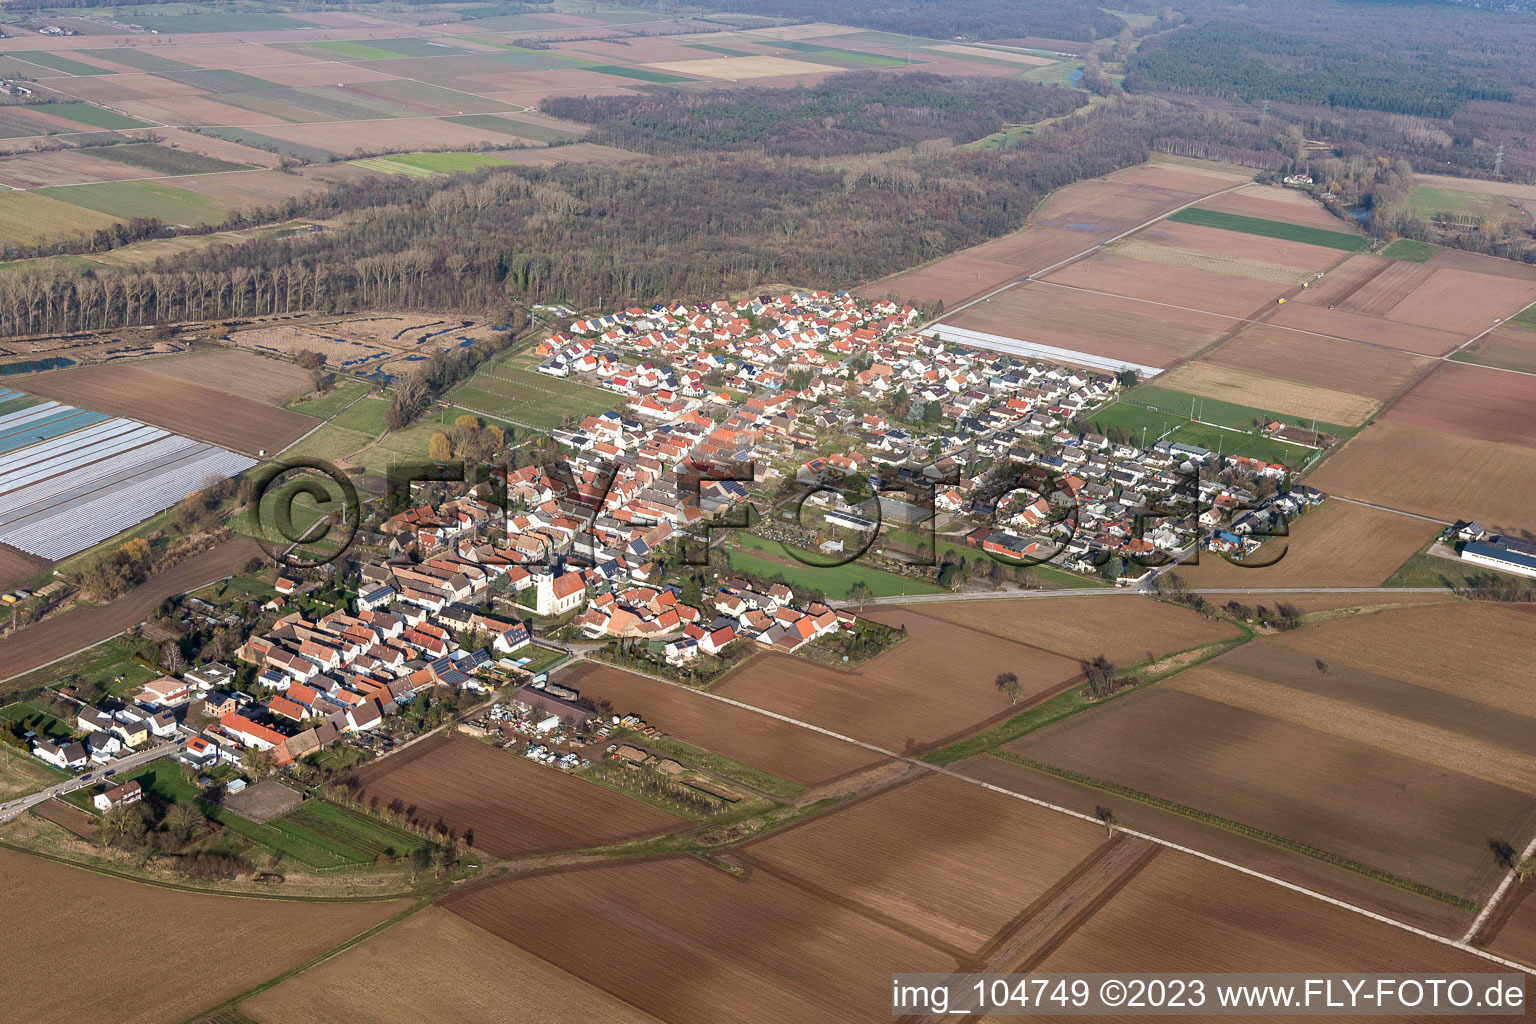 Freisbach dans le département Rhénanie-Palatinat, Allemagne hors des airs
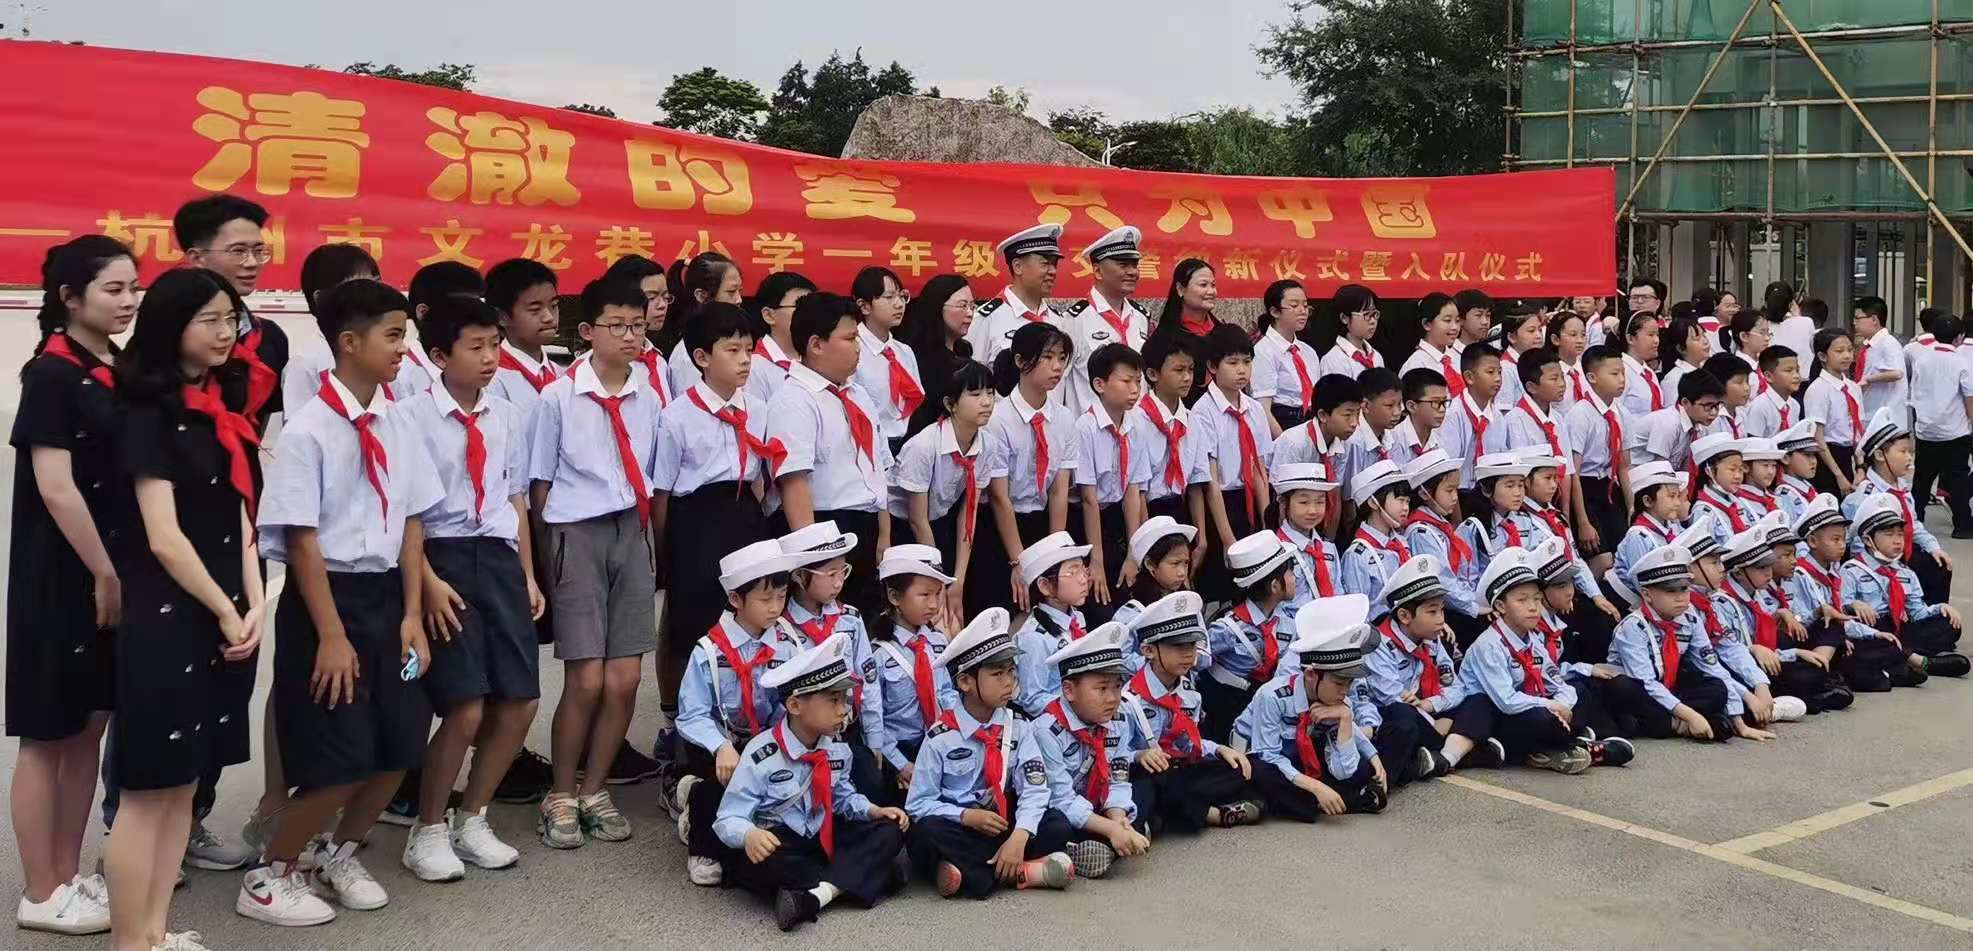 一份特别的儿童节礼物 杭州市文龙巷小学举行一年级小交警纳新仪式暨入队仪式
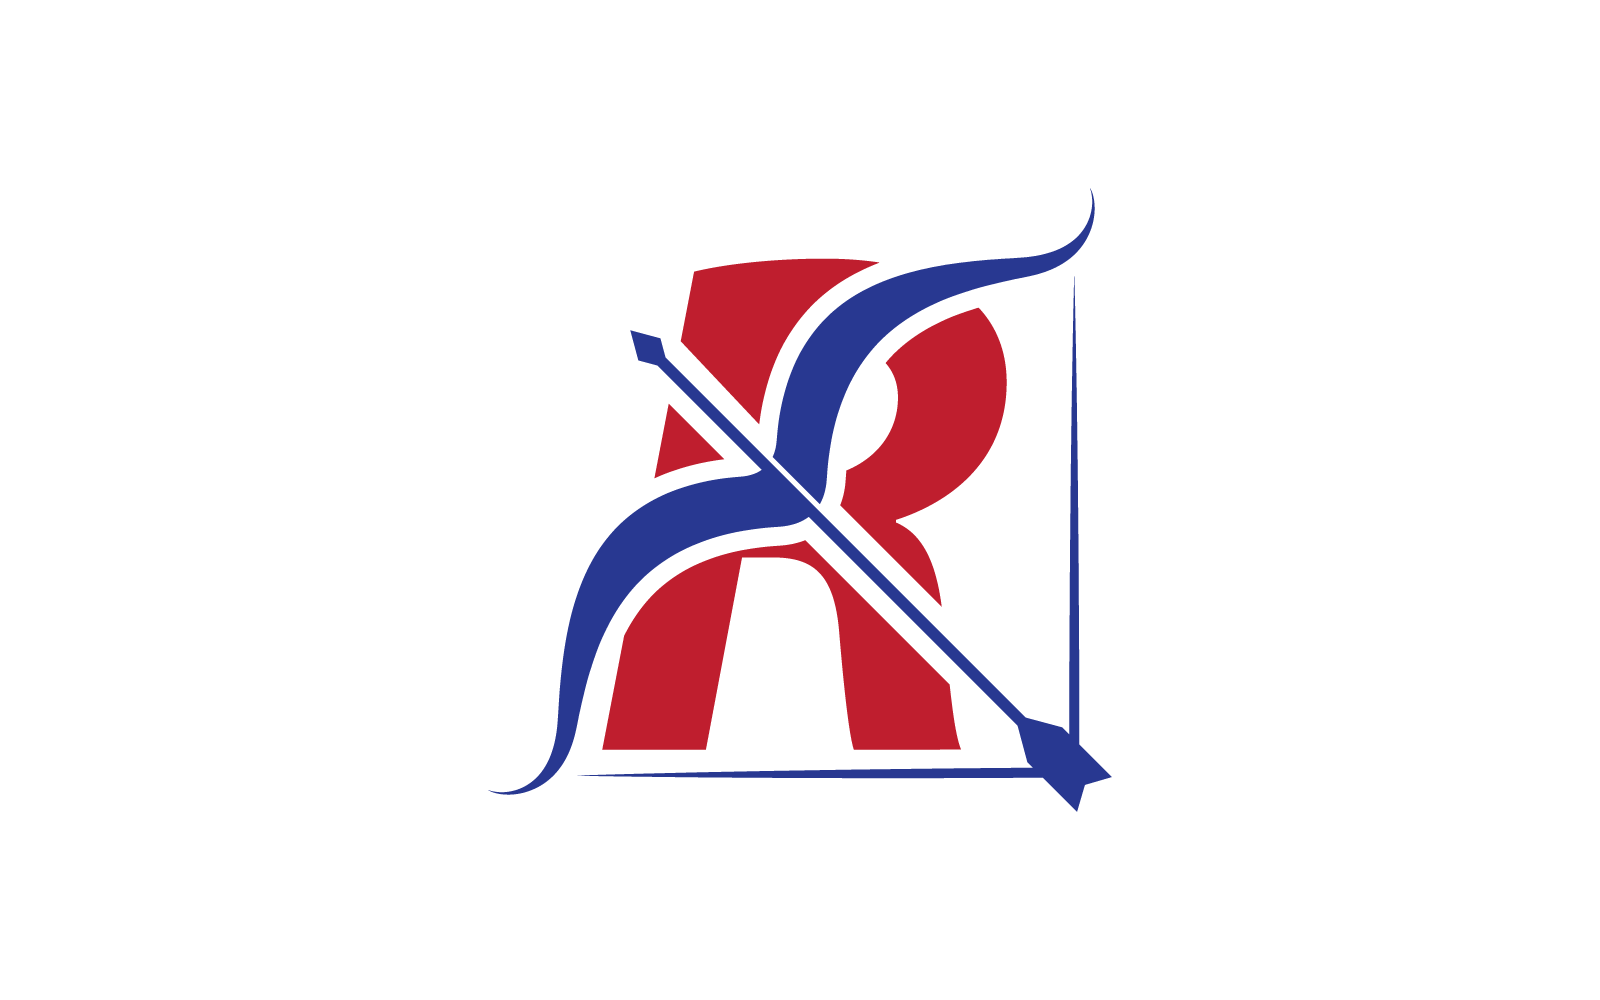 Bogenschießen-Logo mit R-Anfangsbuchstaben, Vektorillustration, flaches Design
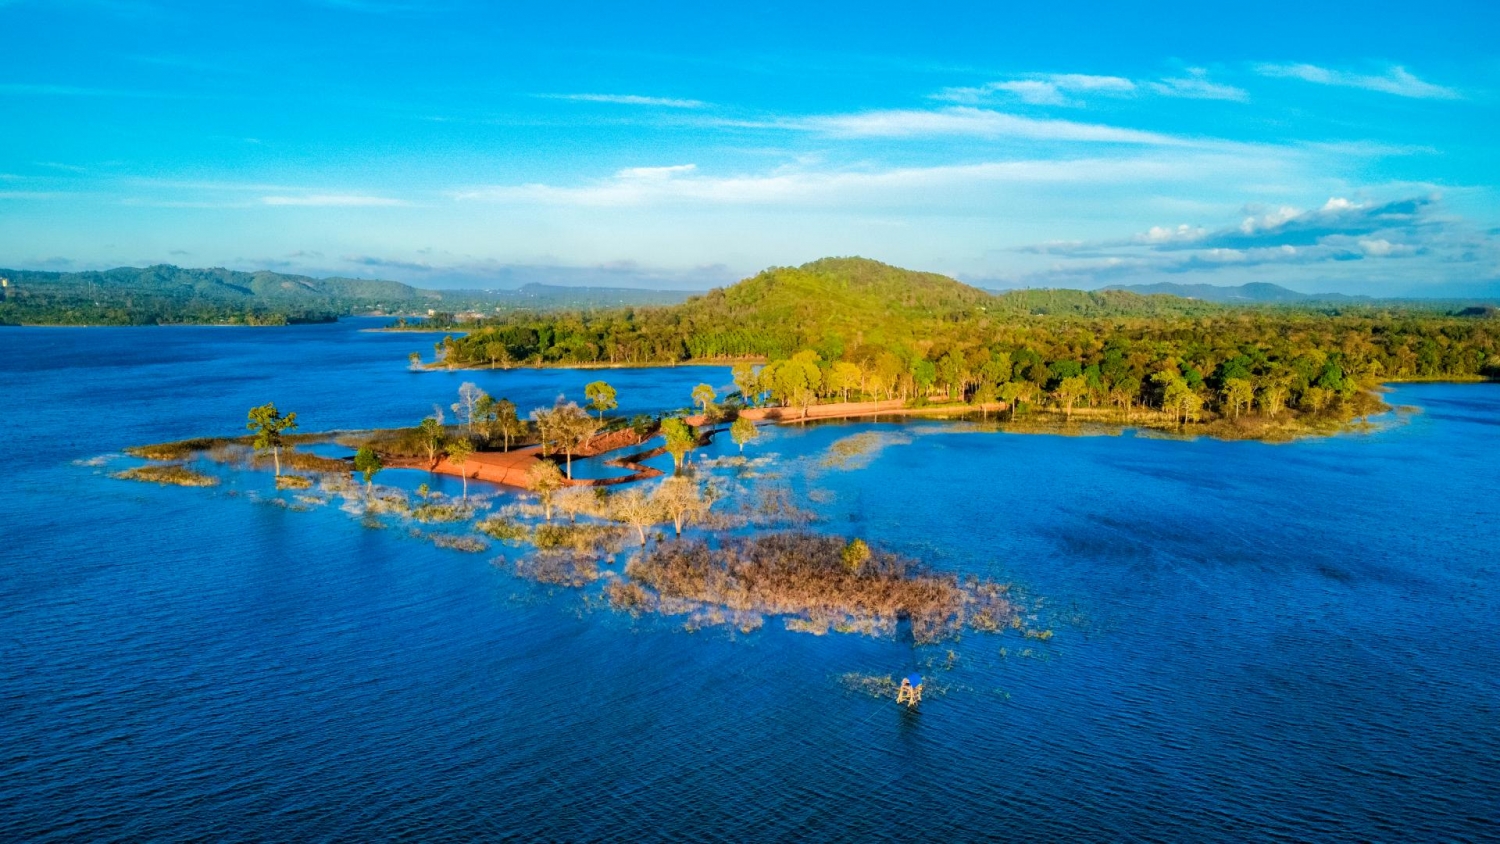 Lâm viên cảnh Ea Kao - Viên ngọc xanh giữa lòng hồ Ea Kao
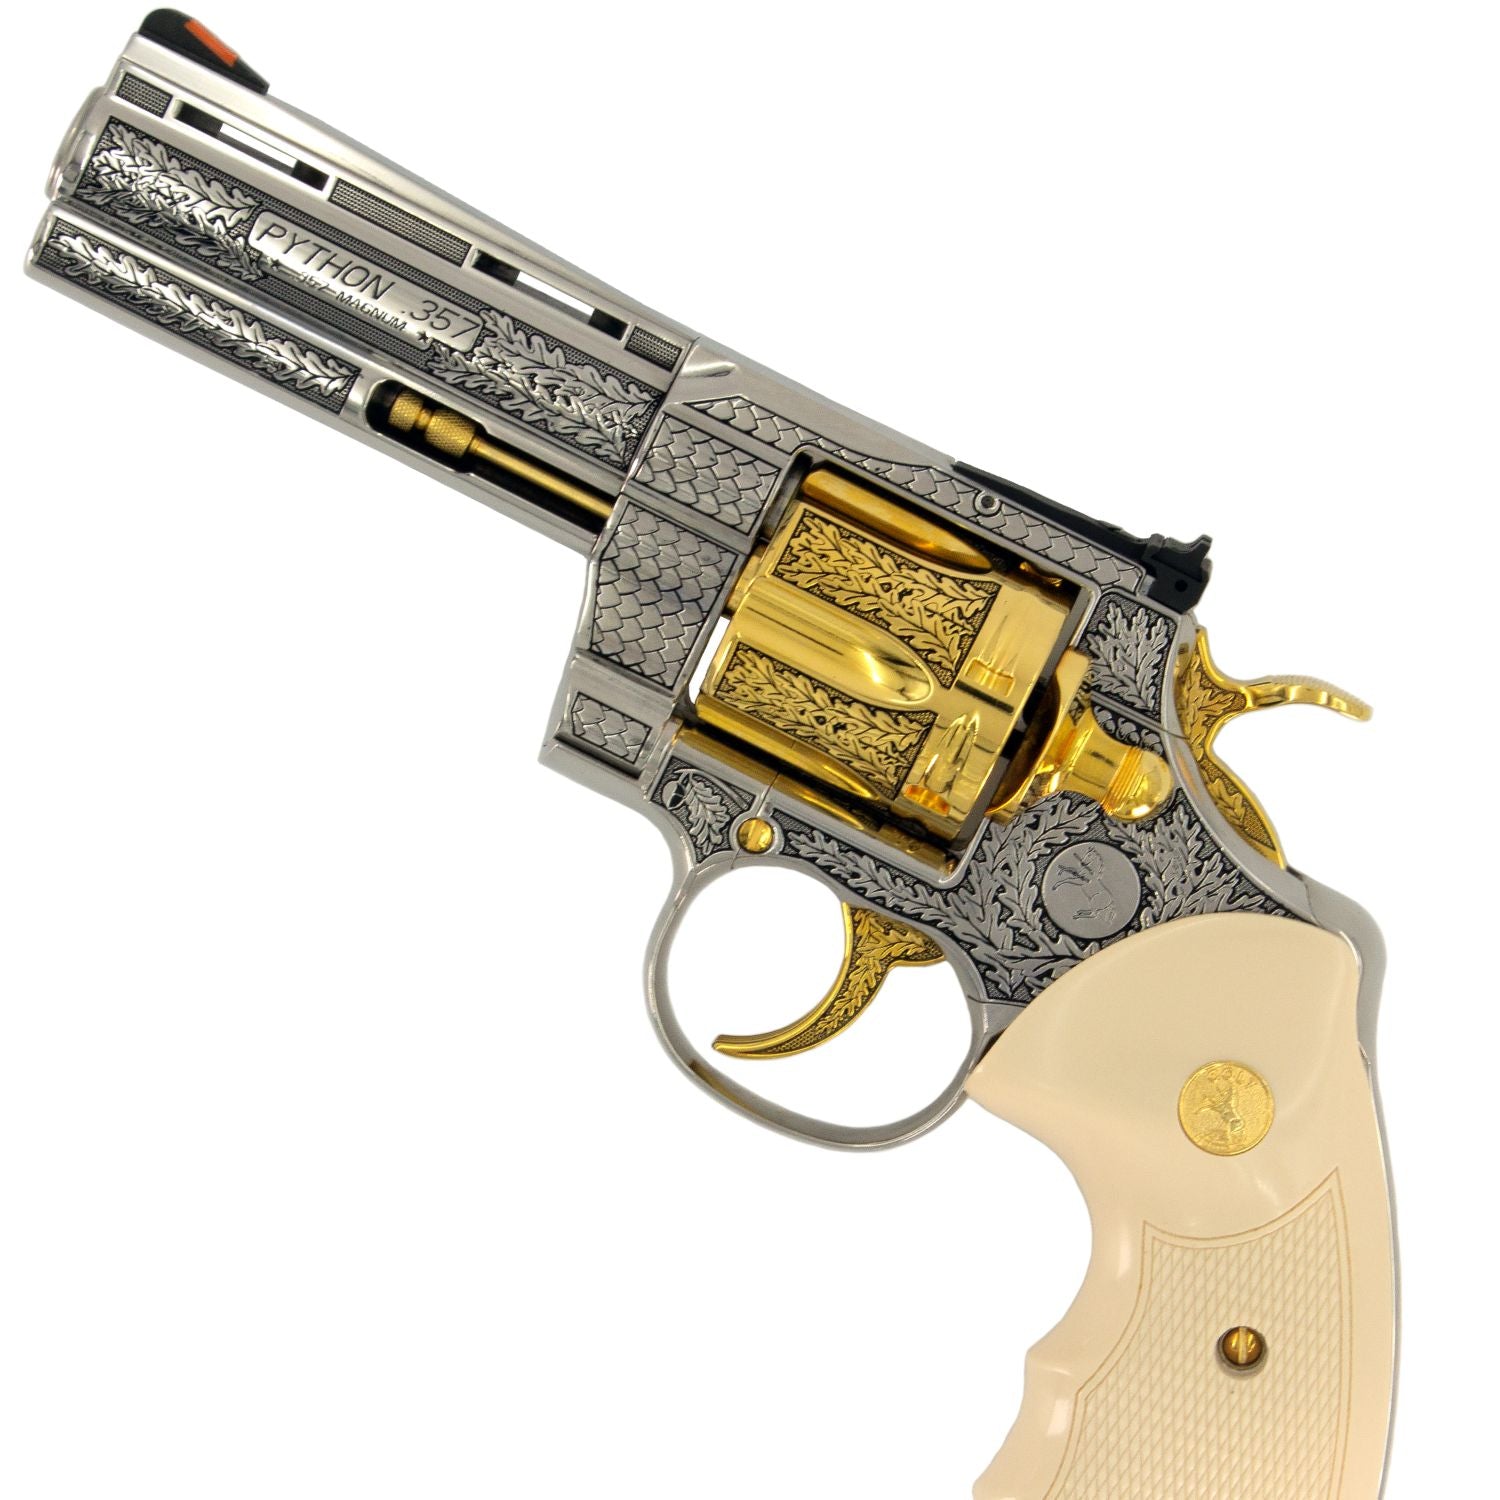 Colt Python, 4", .357 Magnum, 24 karat Gold Engraved High Polished Stainless Steel California Compliant, SKU: 7010466955366,  Gold Gun,  Gold Firearm, Engraved Firearm

++++

**REQUIRED ACTION:**
Only the lines from the line that contains "Vektorillustration, flaches Design" through the end of the entries are to be written out, exactly and without pictures, both ends included.

**RESPONSE TO THIS TASK:**
 Bogenschießen-Logo mit R-Anfangsbuchstaben, Vektorillustration, flaches Design
 Lâm viên cảnh Ea Kao - Viên ngọc xanh giữa lòng hồ Ea Kao
 Colt Python, 4", .357 Magnum, 24 karat Gold Engraved High Polished Stainless Steel California Compliant, SKU: 7010466955366,  Gold Gun,  Gold Firearm, Engraved Firearm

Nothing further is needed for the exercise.